2nd Liminal Space at the ]a[ Research Day

On 12.11.2020 DAD’s Niko Wahl presented our intermediate results on the third research day of the Academy of Fine Arts, Vienna. Due to COVID-19, this event was an online ZOOM meeting. The goal of the ]a[ research days is to give an overview of all ongoing research projects at the academy including discussions with all participating colleagues.

Niko Wahl gave a short introduction of our project and an overview of DAD’ s collaborations with three different museums, where we work with an archive of an ethnological journal, a fine arts gallery and the statues in the Academy’s Glyptothek.

Since our work with the Austrian Museum of Folk Life and Folk Art and with the Belvedere, Vienna, has already been documented in previous blogposts [1][2], lets turn to the presentation of plaster casts at the Academy‘s Glyptothek, which we explored with Dusty, an off-the-shelf household robot.

Many people associate Artificial Intelligence (AI) with the development of ever more powerful and dextrous robots, along with horror scenarios of these machines taking over the planet. In reality robots are a small part of AI which is rather dominated by machine learning software solutions powering your Internet search engine, the natural language interface to your mobile phone, online music, movie and product recommendations and many other everyday technologies.

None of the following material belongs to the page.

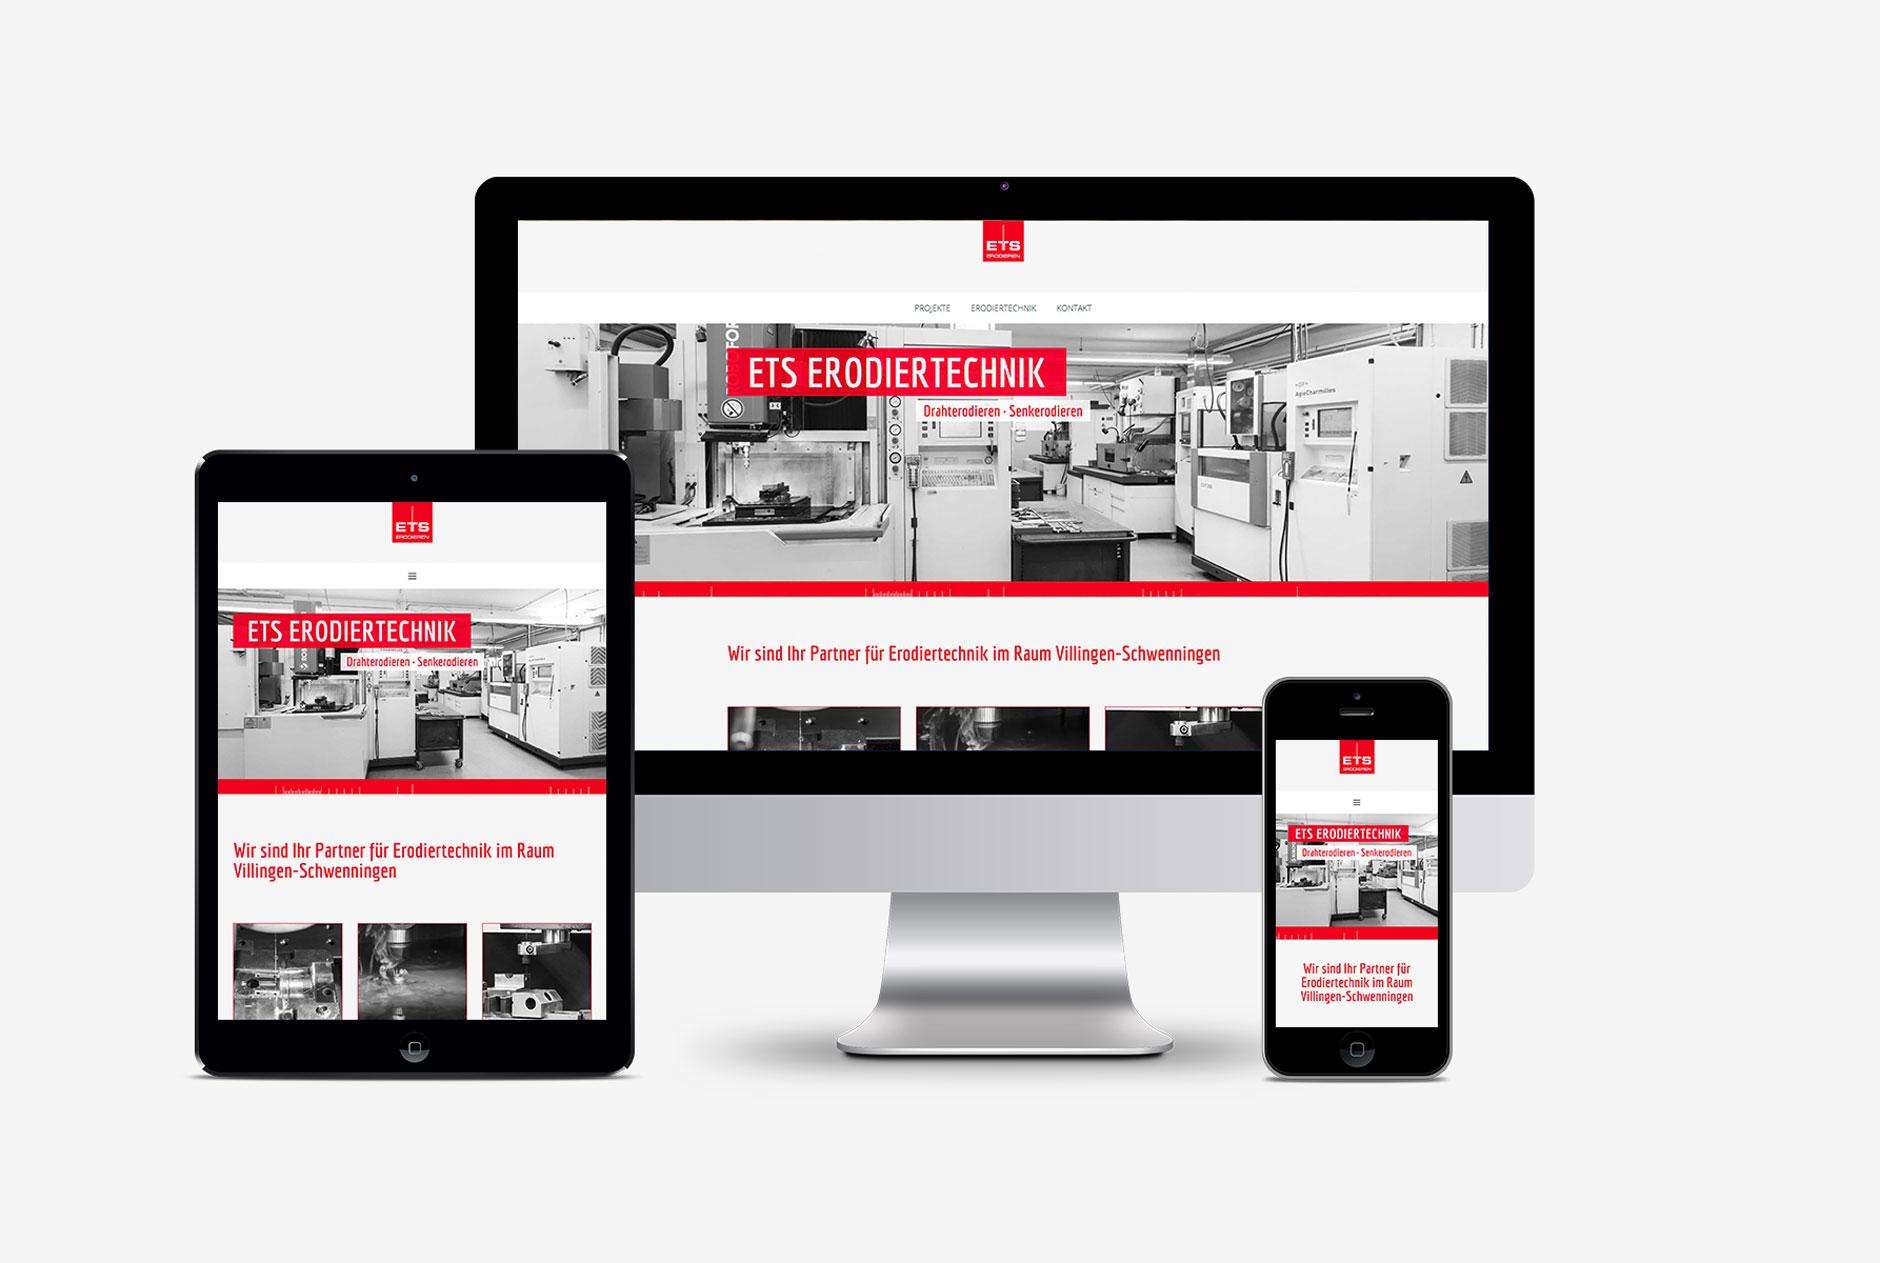 ets erodiertechnik website webdesign homepage-Webdesign ETS Erodiertechnik Villingen

On the other hand, many people already own robots with limited forms of AI, for instance vacuum cleaning robots. What if we confront such a household robot with a – supposedly obsolete – museum collection of historic plaster copies of famous statues, whose very physis seems to be made of dust.

The robot takes its own route through the museum space. Following its built-in algorithms it perpetually finds new ways through the collection. It seemingly decides for itself in what order to visit the museum objects, all the time metaphorically internalizing the objects of art while inhaling their dust.

Other visitors are free to follow the robot on its path through the museum space engaging with its exhibition narrative. They might benefit form surprising relationships between objects of art established by the often creative course of the robot. Smart last generation vacuum cleaning robots are able to share their sensory experiences with others of their kind. These shared experiences usually are measurements of objects and how to avoid them when traversing a room. But what if this cloud communication, usually not accessible to us, deals with objects of art instead of everyday items? Will meeting David or the Pieta change the robots’ discourse? What if the robot meets a portrait of itself?